Provided data:
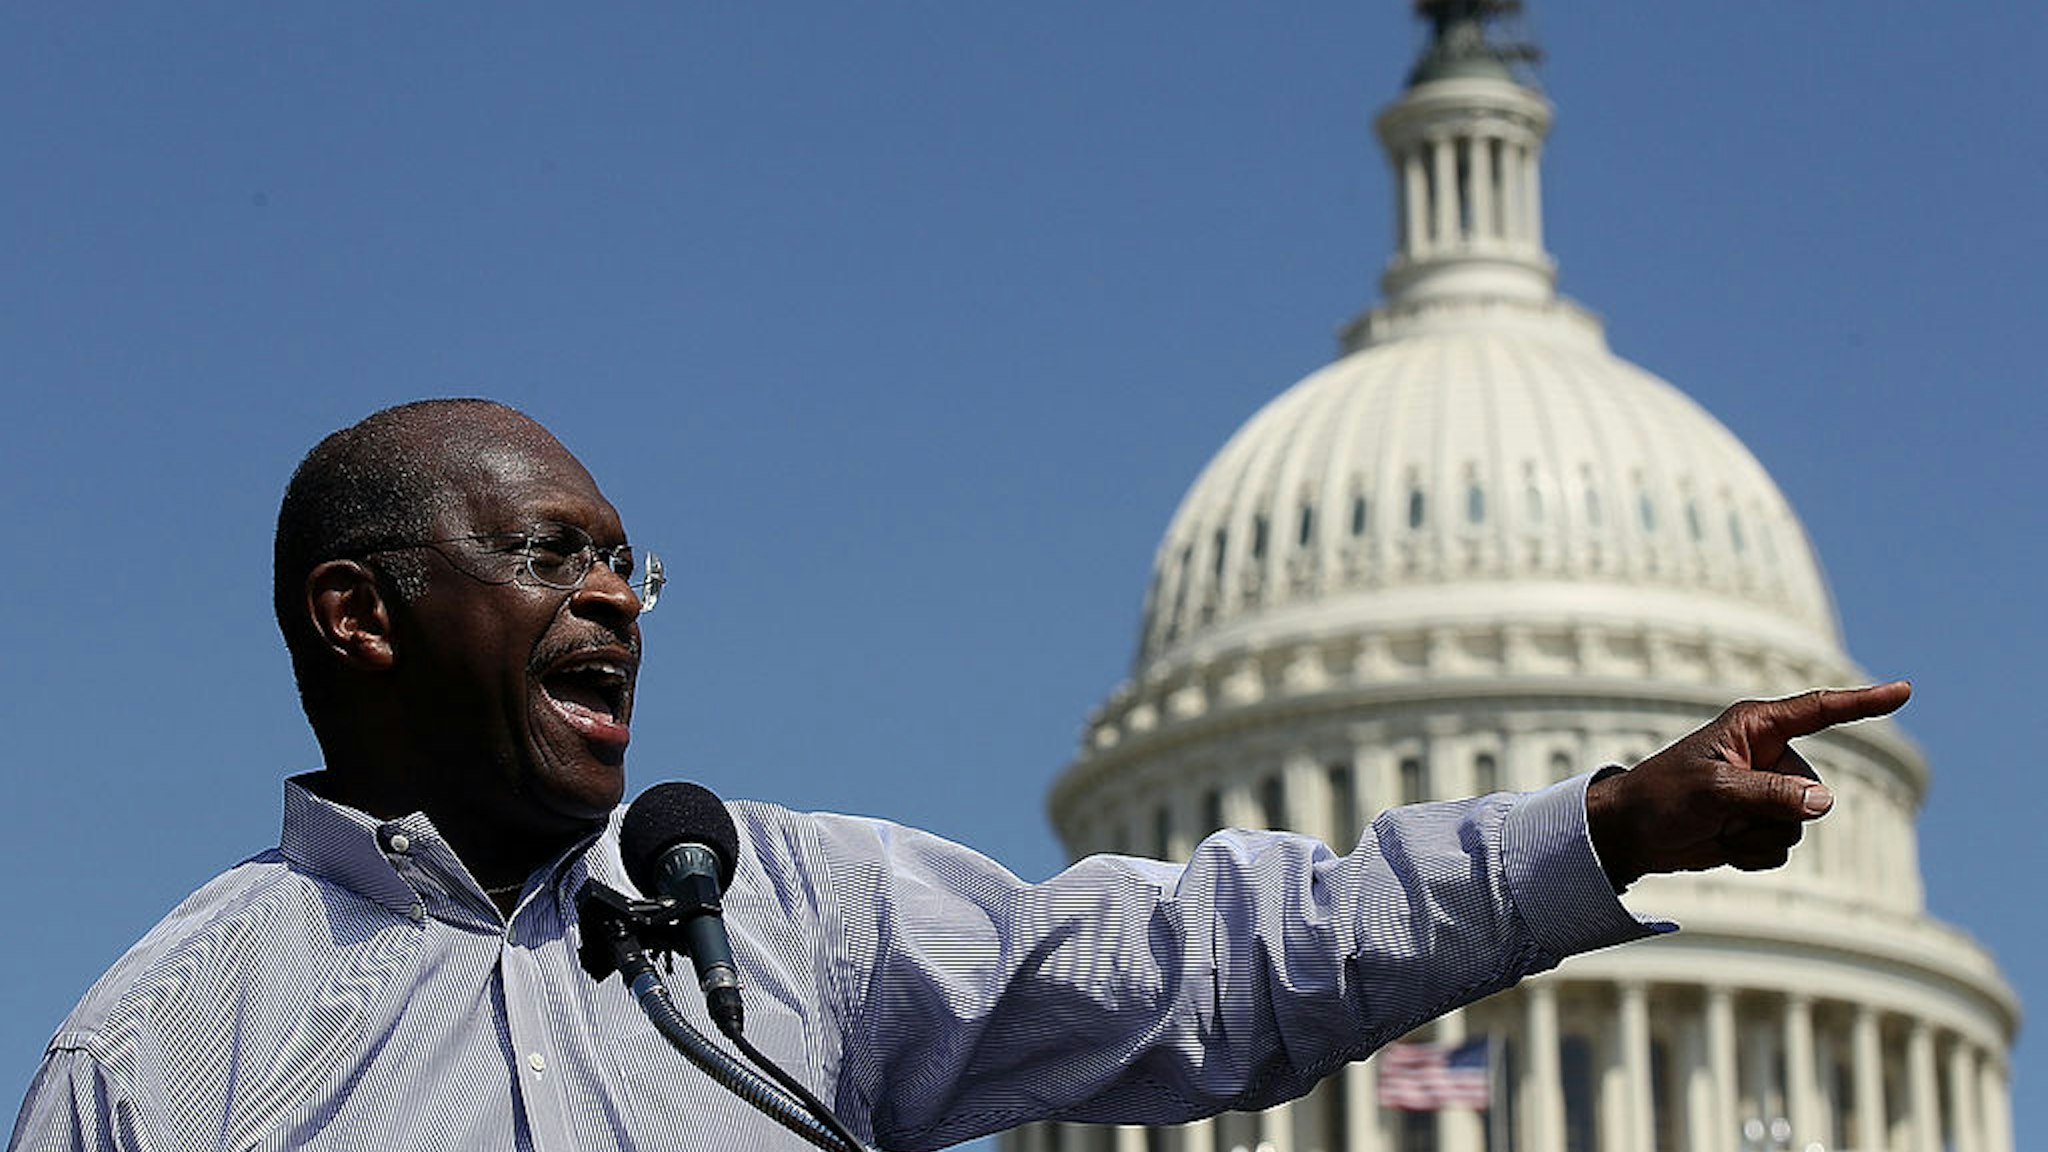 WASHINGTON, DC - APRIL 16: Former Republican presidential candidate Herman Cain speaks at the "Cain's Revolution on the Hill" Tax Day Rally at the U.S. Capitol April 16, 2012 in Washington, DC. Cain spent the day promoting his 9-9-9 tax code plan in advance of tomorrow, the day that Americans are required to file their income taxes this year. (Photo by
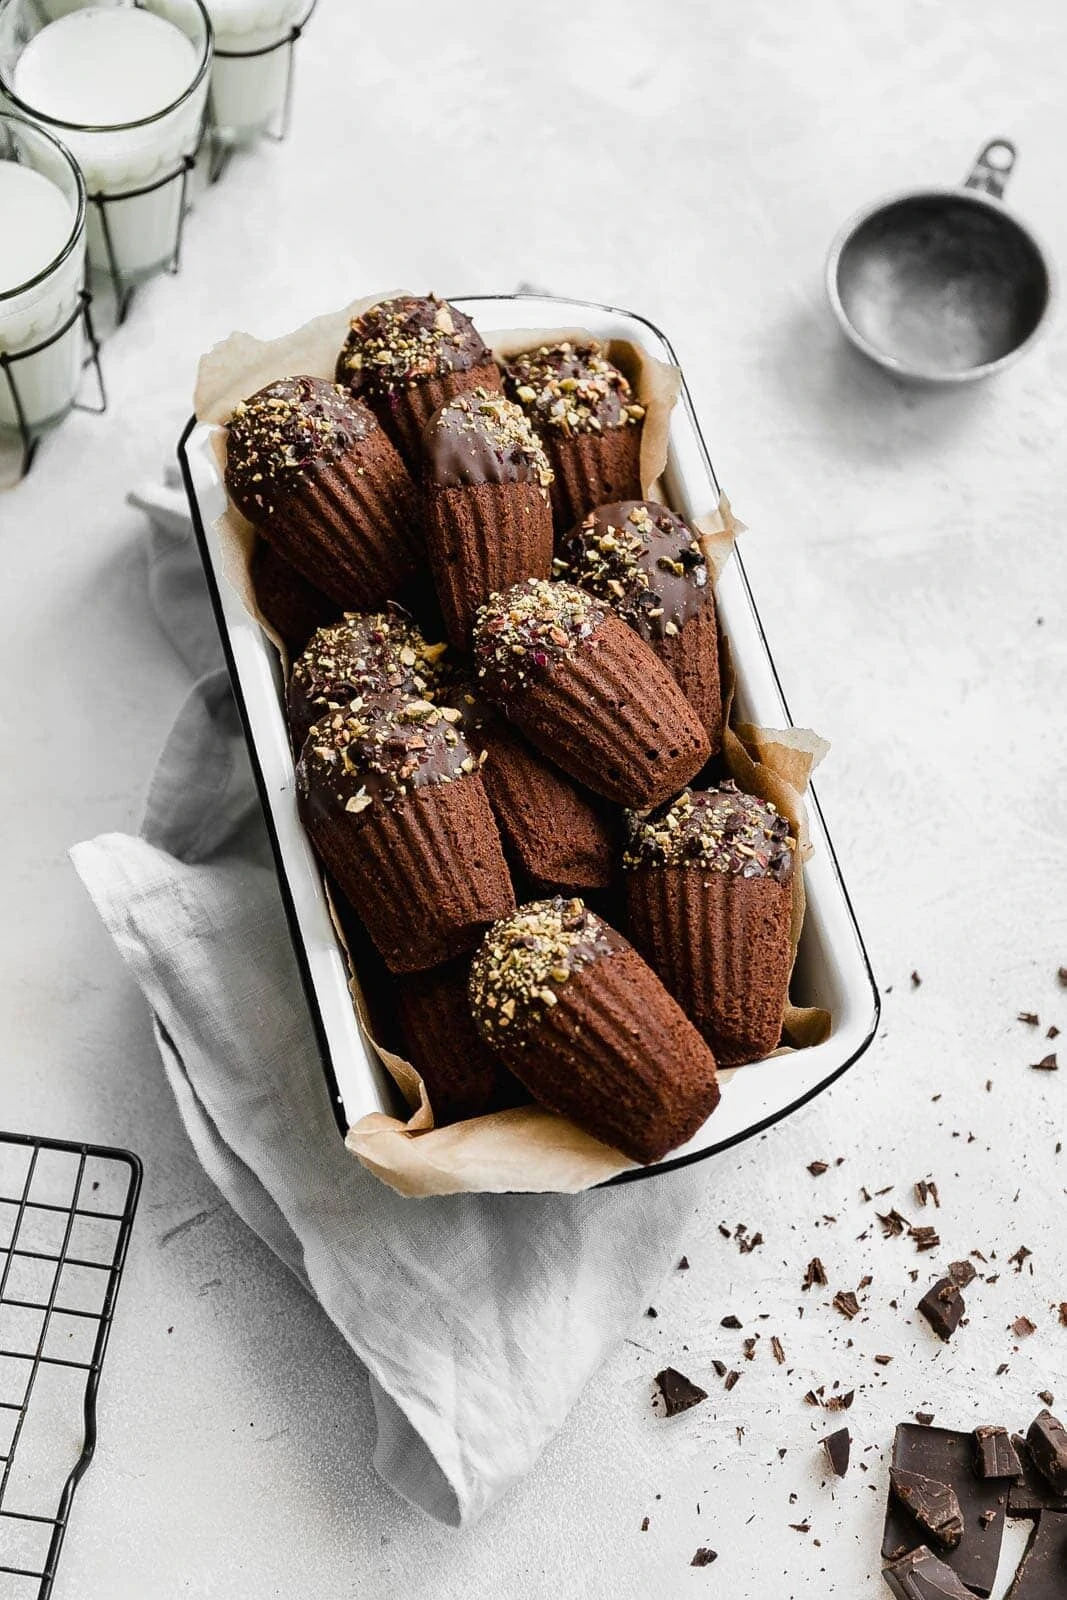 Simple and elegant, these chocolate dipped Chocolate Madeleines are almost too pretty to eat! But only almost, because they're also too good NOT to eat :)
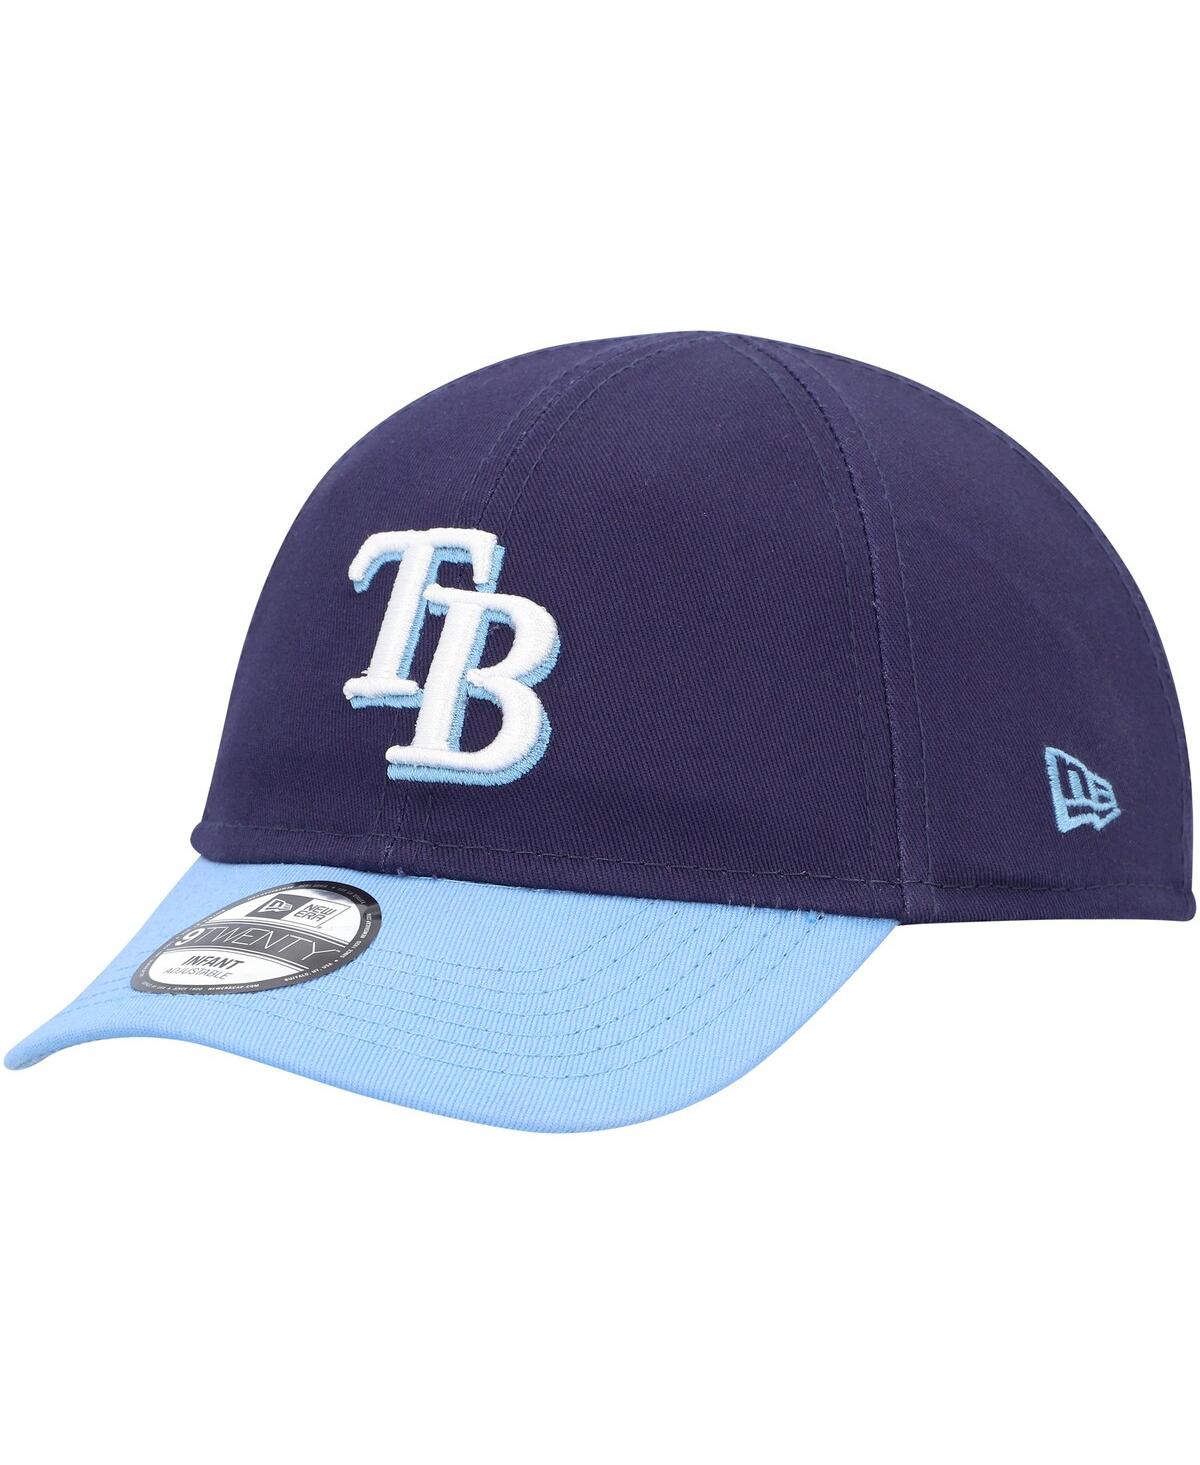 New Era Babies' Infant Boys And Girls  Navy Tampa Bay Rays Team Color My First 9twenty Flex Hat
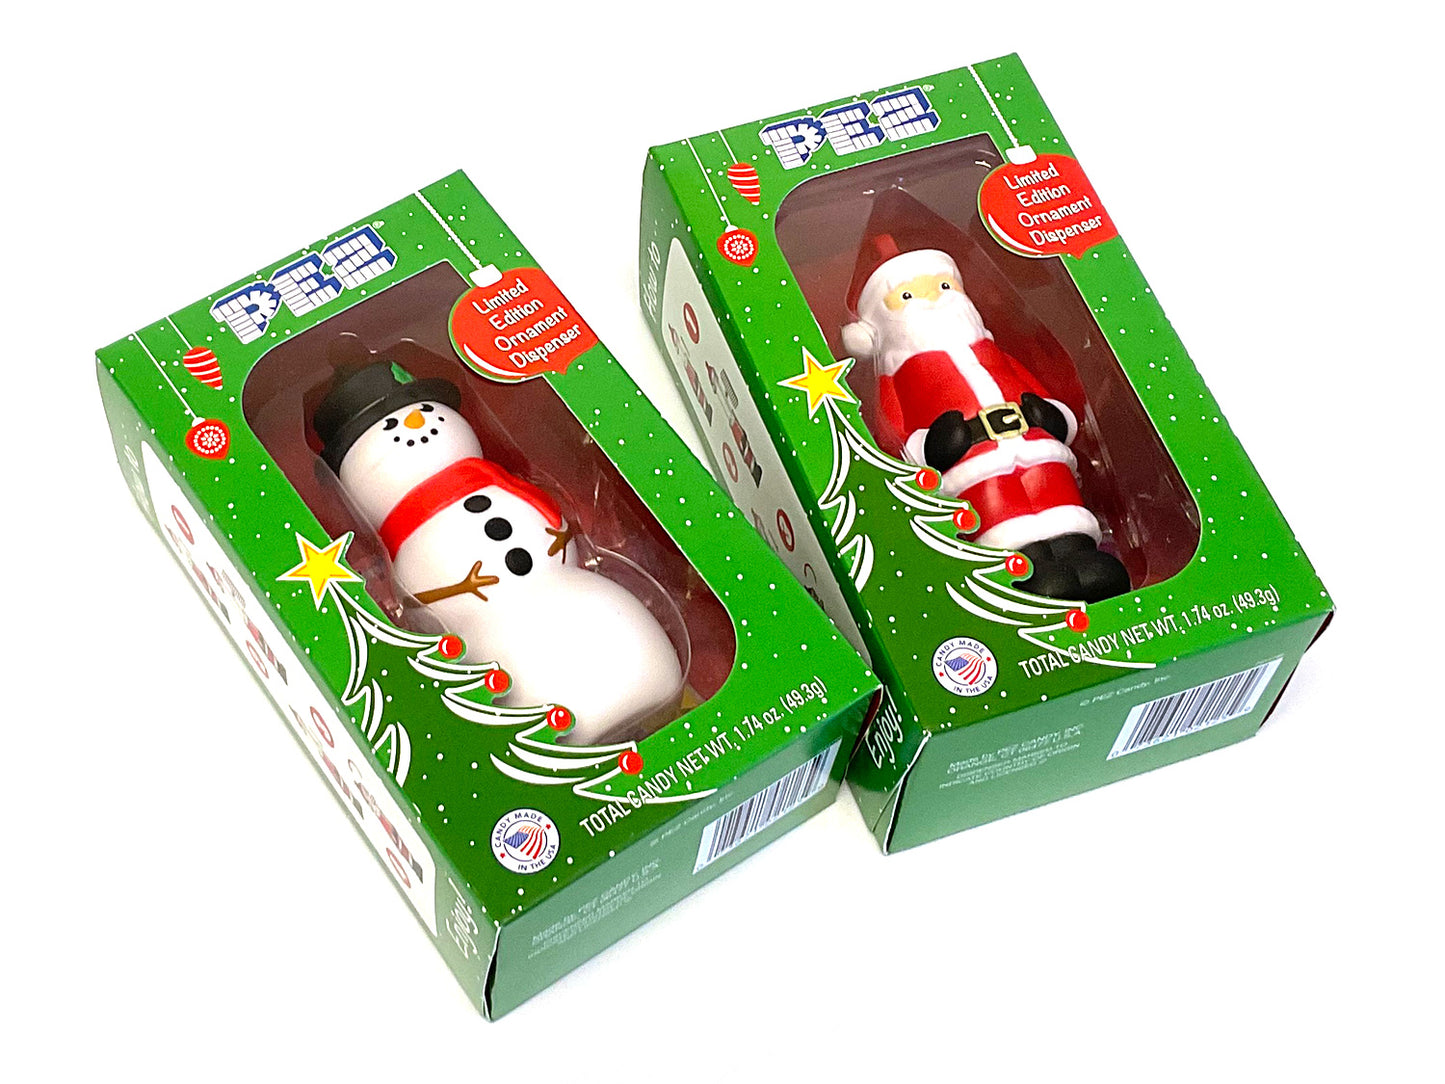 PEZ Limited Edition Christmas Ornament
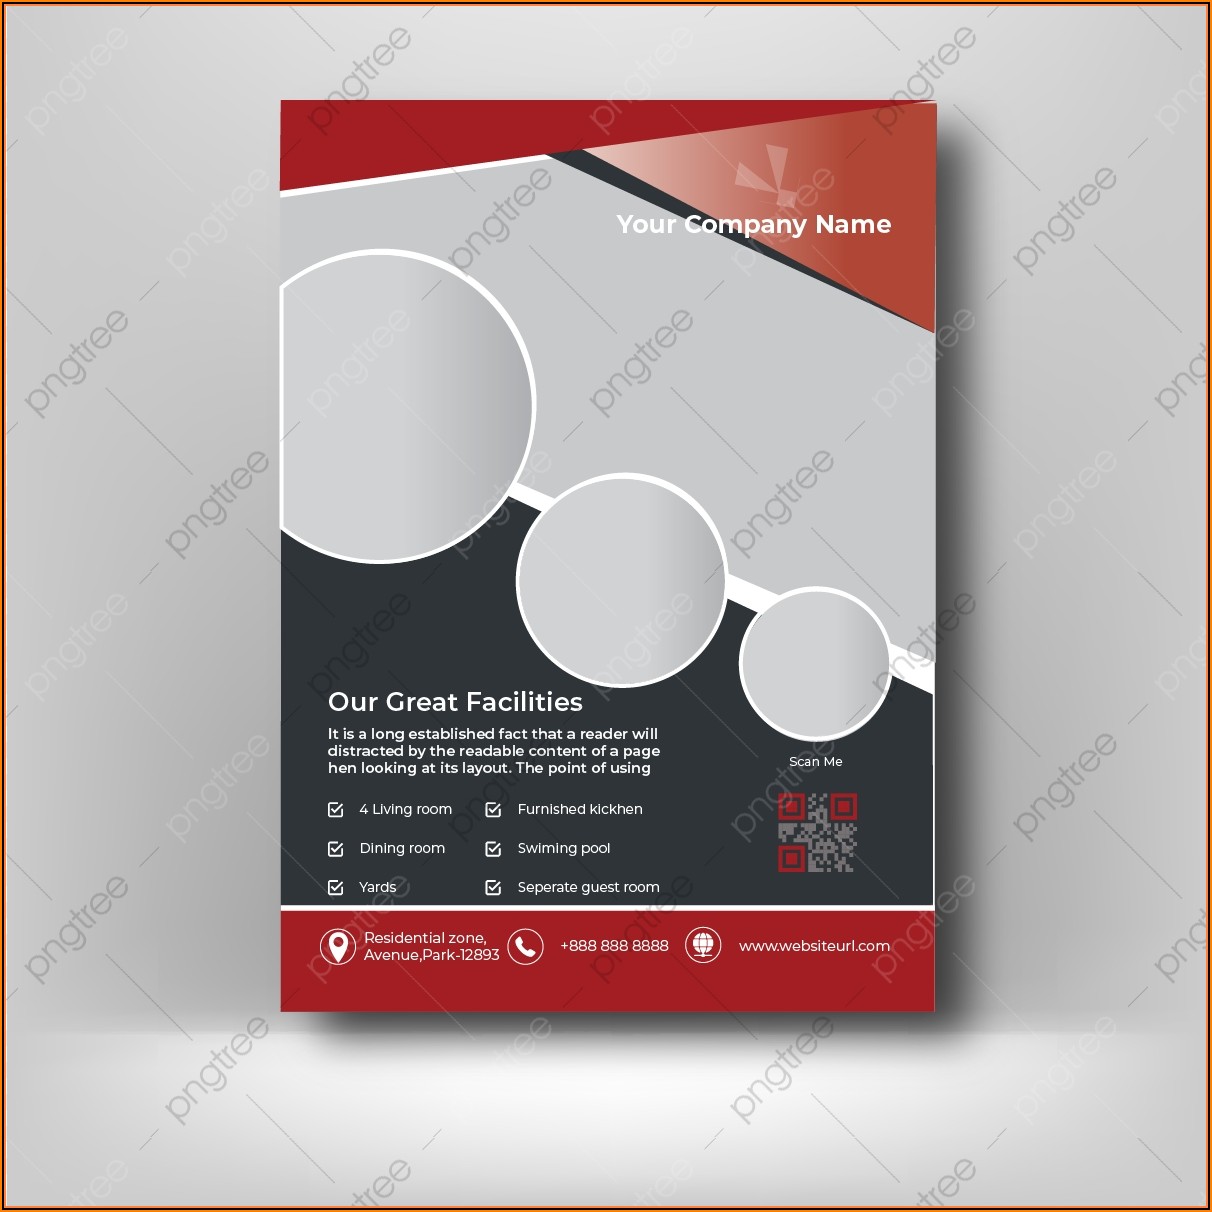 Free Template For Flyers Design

Work item:
Please write out the lines above exactly, from the one that contains "New Era Babies'" through the final line, and include none of the pictures.

Solution:
 New Era Babies' Infant Boys And Girls  Navy Tampa Bay Rays Team Color My First 9twenty Flex Hat
 PEZ Limited Edition Christmas Ornament
 Free Template For Flyers Design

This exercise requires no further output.